I am a Duck, and If It Ain't True, May God Strike Me Dead!

photo by Mortens

This recent article on the BBC News Web Site caught my attention (Nigeria's Vigilantes take on Boko Haram), not so much for what the article was about, although that was interesting too. No, it was one paragraph within it: “Mohammed said that when [the anti-fundamentalist vigilantes] detain a suspected militant, ‘we bring the holy Koran and then ask him to swear on it. If he's lying we are sure he will die’.”

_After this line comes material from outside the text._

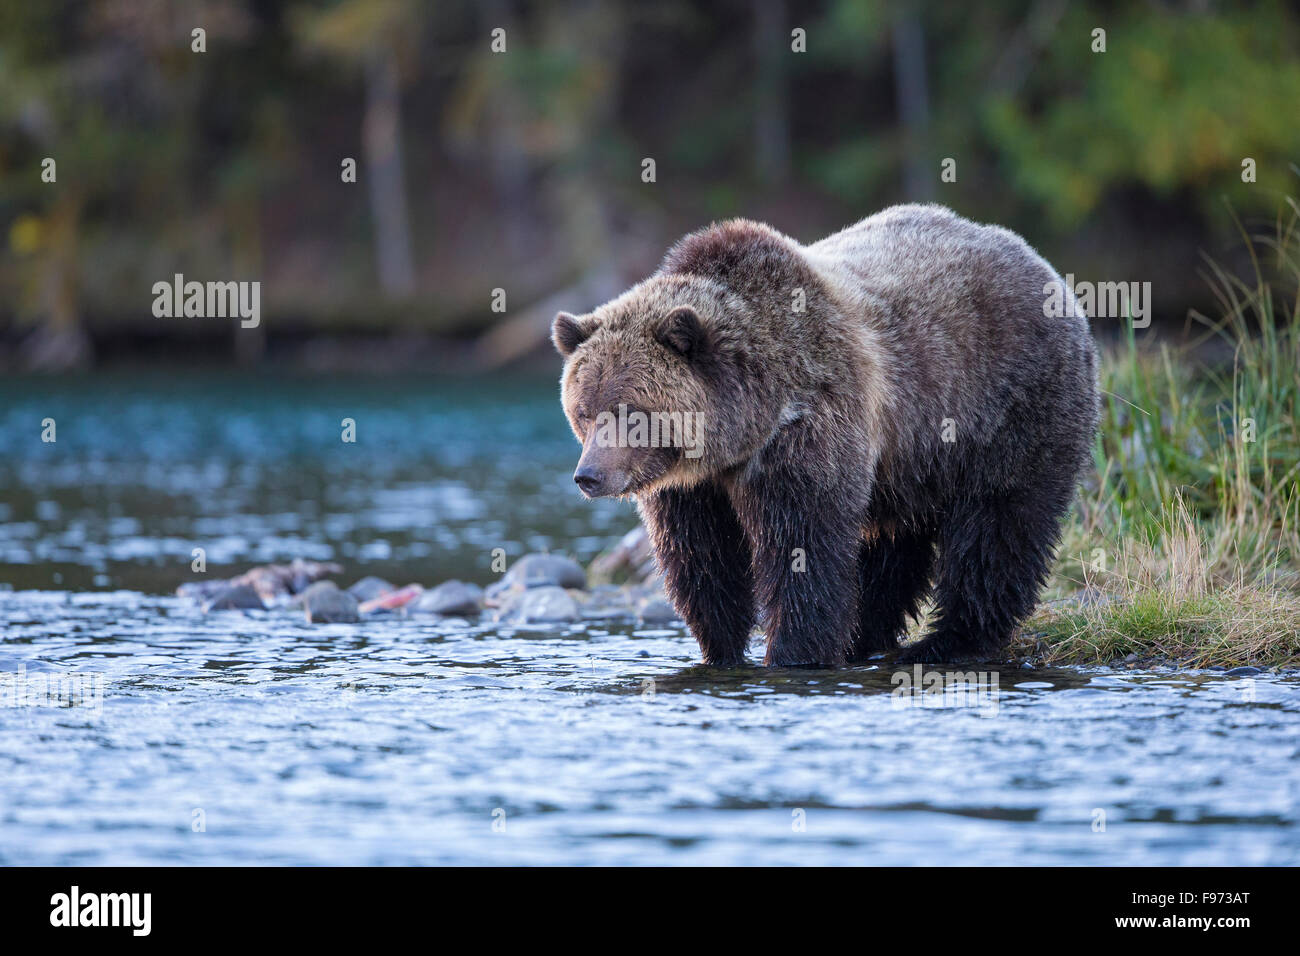 Grizzly bear (Ursus arctos horribilis), Central Interior, British Columbia. Stock Photo

I like this because Christians and Jews also have rather odd beliefs about the sanctity and prowess of their hold books. Just consider this: the typical court room in any Christian-dominated country usually has those who are about to testify swear on the Bible that what they are about to say is the truth. Have you ever wondered why we do this? Why does the President of the United States swear (or affirm, as Franklin Pierce did) to uphold the duties of his office on a Bible (although two Presidents refused this offer [Theodore Roosevelt and John Quincy Adams] one [Adams] swearing on a book of laws)?

What exactly is going on here? Do we expect some lightning bolt out of the blue to strike the liar? Do we expect the holy book to turn bright red, signaling a falsehood? Do we expect those making such a covenant with the godhead to freeze up on the witness stand and be unable to lie? Is any result expected in our reality, as opposed to some bit of divine justice for the offending party to be meted out in the eternal afterlife? Has anyone ever seen any beneficial result from swearing on a holy book in all the many times it’s been used? Why do we continue with the same dumb ritual when there is no tangible benefit?

Don’t just “Believe” it, Test it

As a kid, I remember someone telling me that if you lied while swearing on a Bible, you would die. I was around 9 or 10. I promptly waited that night, and got the family Bible out, and went into my room. Being sure to close the door, so that my sacrilege would not be seen, I placed my hand on the Bible and swore, before God, Jesus and all his angels, that I was a duck, and that if this were not true, may God strike me dead!

Still here. No sign of lightning. Its more than 40 years later.

Over the years, I have met a number of people, all of monotheistic faiths, who believed in the holiness of their written books. Some, like the guys in Nigeria, even told me that God would punish you almost immediately if you committed sacrilege or made a false vow on their holy book. My response has always been, “have you tried it?” No one has ever taken me up on it, that I know of, but perhaps in a few people, a very few, some seed of doubt was sown. But maybe I am just being fatuous.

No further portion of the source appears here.